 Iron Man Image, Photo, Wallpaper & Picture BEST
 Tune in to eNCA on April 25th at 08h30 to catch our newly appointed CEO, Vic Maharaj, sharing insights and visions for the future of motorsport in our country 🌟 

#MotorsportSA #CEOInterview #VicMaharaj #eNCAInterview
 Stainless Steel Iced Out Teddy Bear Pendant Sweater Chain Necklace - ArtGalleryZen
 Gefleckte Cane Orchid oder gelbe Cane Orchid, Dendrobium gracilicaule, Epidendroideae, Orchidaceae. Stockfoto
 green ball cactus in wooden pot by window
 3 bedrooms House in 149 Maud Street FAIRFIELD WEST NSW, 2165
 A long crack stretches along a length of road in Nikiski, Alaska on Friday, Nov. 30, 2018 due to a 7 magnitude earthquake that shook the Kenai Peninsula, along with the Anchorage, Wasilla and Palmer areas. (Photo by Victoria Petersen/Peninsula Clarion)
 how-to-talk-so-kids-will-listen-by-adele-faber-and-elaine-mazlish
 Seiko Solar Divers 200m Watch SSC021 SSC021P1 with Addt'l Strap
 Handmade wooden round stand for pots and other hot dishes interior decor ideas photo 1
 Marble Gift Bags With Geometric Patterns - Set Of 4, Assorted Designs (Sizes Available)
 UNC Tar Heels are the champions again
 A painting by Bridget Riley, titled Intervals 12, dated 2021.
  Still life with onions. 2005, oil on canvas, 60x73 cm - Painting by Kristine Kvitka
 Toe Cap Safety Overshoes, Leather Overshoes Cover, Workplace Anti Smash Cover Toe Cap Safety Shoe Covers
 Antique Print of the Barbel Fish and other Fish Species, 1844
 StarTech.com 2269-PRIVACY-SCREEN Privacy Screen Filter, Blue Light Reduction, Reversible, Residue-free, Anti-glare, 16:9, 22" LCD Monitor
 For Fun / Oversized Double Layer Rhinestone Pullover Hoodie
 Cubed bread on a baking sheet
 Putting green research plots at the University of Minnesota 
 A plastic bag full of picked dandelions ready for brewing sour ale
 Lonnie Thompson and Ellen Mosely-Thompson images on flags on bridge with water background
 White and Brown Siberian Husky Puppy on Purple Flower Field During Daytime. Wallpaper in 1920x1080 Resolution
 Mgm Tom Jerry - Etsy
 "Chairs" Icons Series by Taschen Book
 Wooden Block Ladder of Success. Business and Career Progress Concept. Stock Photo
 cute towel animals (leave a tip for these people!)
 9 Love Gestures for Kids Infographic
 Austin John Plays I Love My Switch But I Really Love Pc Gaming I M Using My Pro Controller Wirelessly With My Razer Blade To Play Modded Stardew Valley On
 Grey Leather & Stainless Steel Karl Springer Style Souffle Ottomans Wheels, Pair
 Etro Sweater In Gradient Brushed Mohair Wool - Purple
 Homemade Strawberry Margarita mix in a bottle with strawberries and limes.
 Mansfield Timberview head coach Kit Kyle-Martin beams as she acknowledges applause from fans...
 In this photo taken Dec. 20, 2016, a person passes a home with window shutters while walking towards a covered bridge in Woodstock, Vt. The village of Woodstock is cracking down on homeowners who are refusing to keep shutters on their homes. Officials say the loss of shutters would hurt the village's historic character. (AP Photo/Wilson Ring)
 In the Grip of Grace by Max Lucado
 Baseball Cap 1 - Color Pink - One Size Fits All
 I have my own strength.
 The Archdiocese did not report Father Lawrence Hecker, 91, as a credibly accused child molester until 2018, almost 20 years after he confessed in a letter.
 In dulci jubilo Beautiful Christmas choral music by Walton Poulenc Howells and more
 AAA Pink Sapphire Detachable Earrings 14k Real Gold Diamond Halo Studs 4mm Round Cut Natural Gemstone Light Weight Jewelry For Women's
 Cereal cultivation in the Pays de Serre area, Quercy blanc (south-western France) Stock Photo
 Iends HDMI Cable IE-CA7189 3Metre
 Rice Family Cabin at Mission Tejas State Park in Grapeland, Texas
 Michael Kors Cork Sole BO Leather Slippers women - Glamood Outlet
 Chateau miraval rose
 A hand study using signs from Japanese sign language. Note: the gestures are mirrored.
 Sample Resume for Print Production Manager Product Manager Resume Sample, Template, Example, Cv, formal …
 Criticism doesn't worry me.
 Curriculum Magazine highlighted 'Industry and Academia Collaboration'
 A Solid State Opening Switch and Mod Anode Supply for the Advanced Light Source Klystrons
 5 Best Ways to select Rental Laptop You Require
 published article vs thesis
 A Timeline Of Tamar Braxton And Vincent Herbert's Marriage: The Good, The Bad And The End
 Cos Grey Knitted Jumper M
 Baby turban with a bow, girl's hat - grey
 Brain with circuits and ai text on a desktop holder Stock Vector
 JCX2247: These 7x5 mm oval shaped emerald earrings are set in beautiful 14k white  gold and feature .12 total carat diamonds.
══════
Every record must be written out again without any change.

 Iron Man Image, Photo, Wallpaper & Picture BEST
 Tune in to eNCA on April 25th at 08h30 to catch our newly appointed CEO, Vic Maharaj, sharing insights and visions for the future of motorsport in our country 🌟 

#MotorsportSA #CEOInterview #VicMaharaj #eNCAInterview
 Stainless Steel Iced Out Teddy Bear Pendant Sweater Chain Necklace - ArtGalleryZen
 Gefleckte Cane Orchid oder gelbe Cane Orchid, Dendrobium gracilicaule, Epidendroideae, Orchidaceae. Stockfoto
 green ball cactus in wooden pot by window
 3 bedrooms House in 149 Maud Street FAIRFIELD WEST NSW, 2165
 A long crack stretches along a length of road in Nikiski, Alaska on Friday, Nov. 30, 2018 due to a 7 magnitude earthquake that shook the Kenai Peninsula, along with the Anchorage, Wasilla and Palmer areas. (Photo by Victoria Petersen/Peninsula Clarion)
 how-to-talk-so-kids-will-listen-by-adele-faber-and-elaine-mazlish
 Seiko Solar Divers 200m Watch SSC021 SSC021P1 with Addt'l Strap
 Handmade wooden round stand for pots and other hot dishes interior decor ideas photo 1
 Marble Gift Bags With Geometric Patterns - Set Of 4, Assorted Designs (Sizes Available)
 UNC Tar Heels are the champions again
 A painting by Bridget Riley, titled Intervals 12, dated 2021.
  Still life with onions. 2005, oil on canvas, 60x73 cm - Painting by Kristine Kvitka
 Toe Cap Safety Overshoes, Leather Overshoes Cover, Workplace Anti Smash Cover Toe Cap Safety Shoe Covers
 Antique Print of the Barbel Fish and other Fish Species, 1844
 StarTech.com 2269-PRIVACY-SCREEN Privacy Screen Filter, Blue Light Reduction, Reversible, Residue-free, Anti-glare, 16:9, 22" LCD Monitor
 For Fun / Oversized Double Layer Rhinestone Pullover Hoodie
 Cubed bread on a baking sheet
 Putting green research plots at the University of Minnesota 
 A plastic bag full of picked dandelions ready for brewing sour ale
 Lonnie Thompson and Ellen Mosely-Thompson images on flags on bridge with water background
 White and Brown Siberian Husky Puppy on Purple Flower Field During Daytime. Wallpaper in 1920x1080 Resolution
 Mgm Tom Jerry - Etsy
 "Chairs" Icons Series by Taschen Book
 Wooden Block Ladder of Success. Business and Career Progress Concept. Stock Photo
 cute towel animals (leave a tip for these people!)
 9 Love Gestures for Kids Infographic
 Austin John Plays I Love My Switch But I Really Love Pc Gaming I M Using My Pro Controller Wirelessly With My Razer Blade To Play Modded Stardew Valley On
 Grey Leather & Stainless Steel Karl Springer Style Souffle Ottomans Wheels, Pair
 Etro Sweater In Gradient Brushed Mohair Wool - Purple
 Homemade Strawberry Margarita mix in a bottle with strawberries and limes.
 Mansfield Timberview head coach Kit Kyle-Martin beams as she acknowledges applause from fans...
 In this photo taken Dec. 20, 2016, a person passes a home with window shutters while walking towards a covered bridge in Woodstock, Vt. The village of Woodstock is cracking down on homeowners who are refusing to keep shutters on their homes. Officials say the loss of shutters would hurt the village's historic character. (AP Photo/Wilson Ring)
 In the Grip of Grace by Max Lucado
 Baseball Cap 1 - Color Pink - One Size Fits All
 I have my own strength.
 The Archdiocese did not report Father Lawrence Hecker, 91, as a credibly accused child molester until 2018, almost 20 years after he confessed in a letter.
 In dulci jubilo Beautiful Christmas choral music by Walton Poulenc Howells and more
 AAA Pink Sapphire Detachable Earrings 14k Real Gold Diamond Halo Studs 4mm Round Cut Natural Gemstone Light Weight Jewelry For Women's
 Cereal cultivation in the Pays de Serre area, Quercy blanc (south-western France) Stock Photo
 Iends HDMI Cable IE-CA7189 3Metre
 Rice Family Cabin at Mission Tejas State Park in Grapeland, Texas
 Michael Kors Cork Sole BO Leather Slippers women - Glamood Outlet
 Chateau miraval rose
 A hand study using signs from Japanese sign language. Note: the gestures are mirrored.
 Sample Resume for Print Production Manager Product Manager Resume Sample, Template, Example, Cv, formal …
 Criticism doesn't worry me.
 Curriculum Magazine highlighted 'Industry and Academia Collaboration'
 A Solid State Opening Switch and Mod Anode Supply for the Advanced Light Source Klystrons
 5 Best Ways to select Rental Laptop You Require
 published article vs thesis
 A Timeline Of Tamar Braxton And Vincent Herbert's Marriage: The Good, The Bad And The End
 Cos Grey Knitted Jumper M
 Baby turban with a bow, girl's hat - grey
 Brain with circuits and ai text on a desktop holder Stock Vector
 JCX2247: These 7x5 mm oval shaped emerald earrings are set in beautiful 14k white  gold and feature .12 total carat diamonds.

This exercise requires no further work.